Ruth had lost a good deal of her Puritan look; somehow the man thought she seemed more human, more alive. She had a vivid color, and her hair, which Jean had insisted upon dressing, was looser about her face. Jim remembered the moonlight ride they had had together when a lock of her hair had blown across his cheek. Then he brought himself sharply to task.

Ruth had already begun speaking.

"Mr. Colter," she said, "there are so many, many things I want to say to you I hardly know where to begin. I know how you must feel toward me, how you must feel that I have utterly failed in my duty toward Jack, and how nearly I have come to allowing her to wreck her life. There is nothing that you can think about me that I do not about myself. Of course, you know, I erred through ignorance, and yet ignorance is no excuse. A woman with so little knowledge, so little tact—" Ruth's face was crimsoning all over and she had to put her handkerchief to her eyes to wipe away her tears.

Jim had stepped forward and stood towering above her so that he had to bend his handsome head to see into her face.

"Miss Drew, you are not to go calling yourself bad names and then declare that I feel as you say I do. Honest Injun, Miss Ruth, I haven't had a single one of those feelings about you. Since I have known about this tragedy that poor Jack has nearly gotten us all into, I have been plumb sorry for you with all my heart. How could a little New England girl like you know anything about an accomplished rascal like this fellow Madden? Yet I guessed if Jack wouldn't give in (and she is usually a hard-headed customer), why you'd be blaming yourself for a thing you couldn't prevent until the end of your days. I tell you, Miss Ruth, that thought, besides my love for Jack, kept me hot on that man's trail. And it even helped me break the news to Jack today, which was the hardest part."

Ruth looked up into the deeply blue eyes above hers.

"Jim Colter," she announced quietly, "I believe you are the very best man in the world."
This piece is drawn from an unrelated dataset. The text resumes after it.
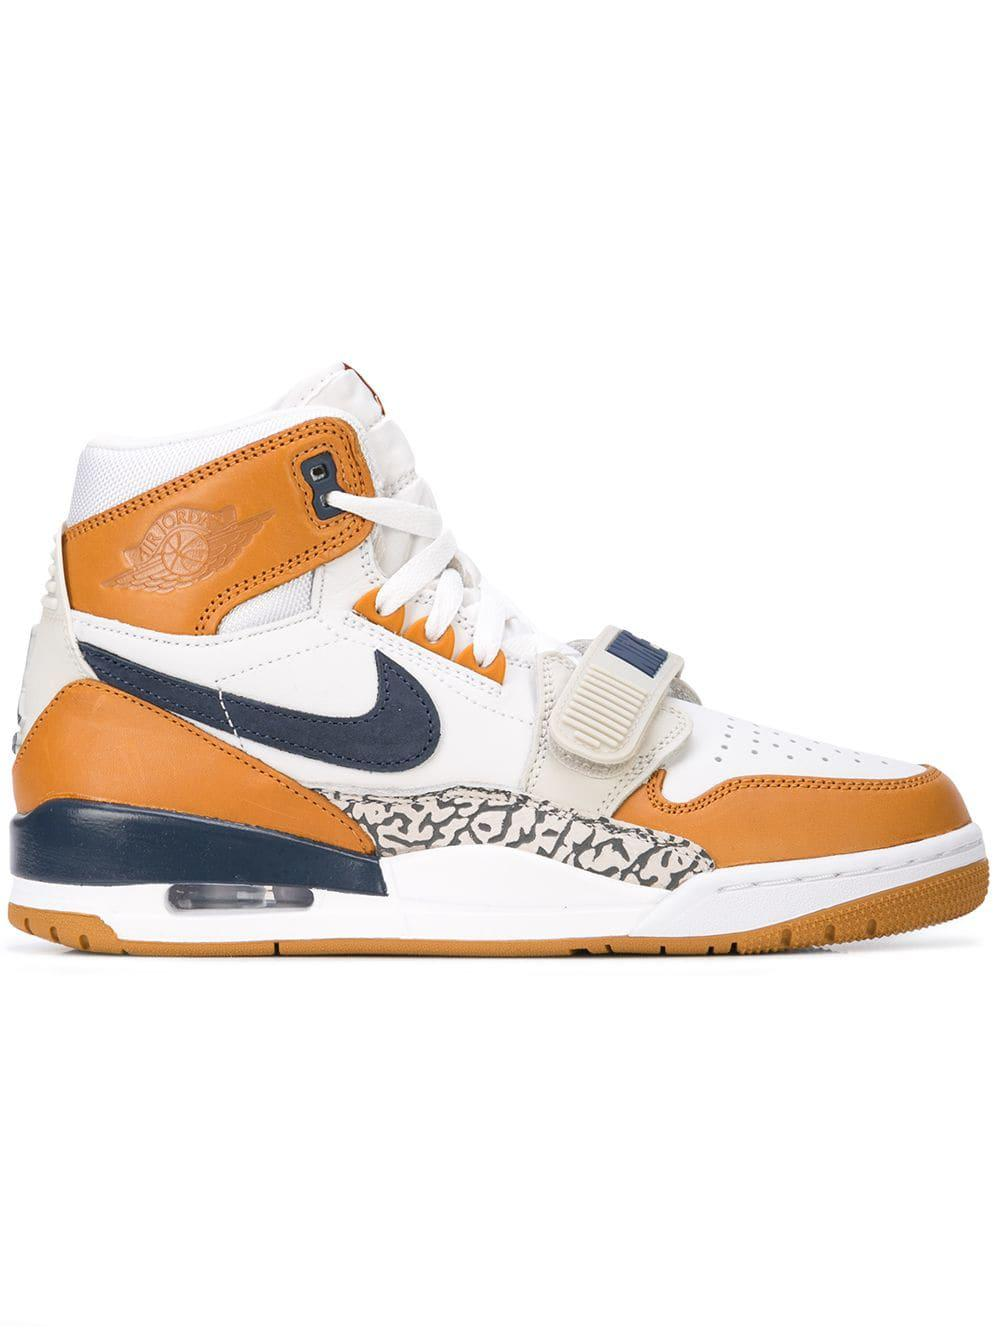 89b017d42d9 Nike Air Jordan Legacy 312 Just Don Nrg Sneakers in White for Men - Lyst

But instead of being pleased, Jim drew back as though his feelings had been deeply hurt. "Don't say that, Miss Ruth," he begged. "And don't you go and believe because I don't mention it that I have forgotten that sin I committed a way back in my youth and the way it made you feel about me. You have been awfully good treating me so kind and polite whenever you have to meet me around with the girls. I've done my best not to worry you any more'n I could help."

"Oh, Mr. Colter, oh Jim," Ruth faltered, "please don't say a cruel thing like that to me. Haven't you forgiven me after almost three years? You must have known that in a few months, as soon as I got away from the ranch, I realized how narrow and foolish and blind I had been. You are a good man; you are the bravest, kindest, most forgiving in the whole world. And I don't care, I know you have forgotten about me long ago, but I want you to know I love you. It seems to me sometimes a woman must have the right to say this just to prove she can be as generous as a man. But I don't care whether I have the right or not. I am just saying it because it is true."

"For heaven's sake, stop, Ruth," the big man implored.

But the little New England school teacher, who had hardly ever dared show her real feelings before in her life, would not be silenced.

"Don't worry, Jim, I shall never regret what I have said, though I shall never speak of it again—and perhaps never see you after you sail for America."

Jim swept the little woman off her feet and held her for a moment to his heart.

"Don't you dare say a thing like that to me, child," he threatened. "And don't you believe you are going to lose sight of me more than a few hours at a time while both of us are living in this world. Why, you little white, New England snow-maiden. The very idea of your having the nerve to stand up right before my face and say you love a big, good-for-nothing, sinful fellow like me. But I kind of wish you'd wake Jack and the other three girls up and tell them we are going to get married tomorrow."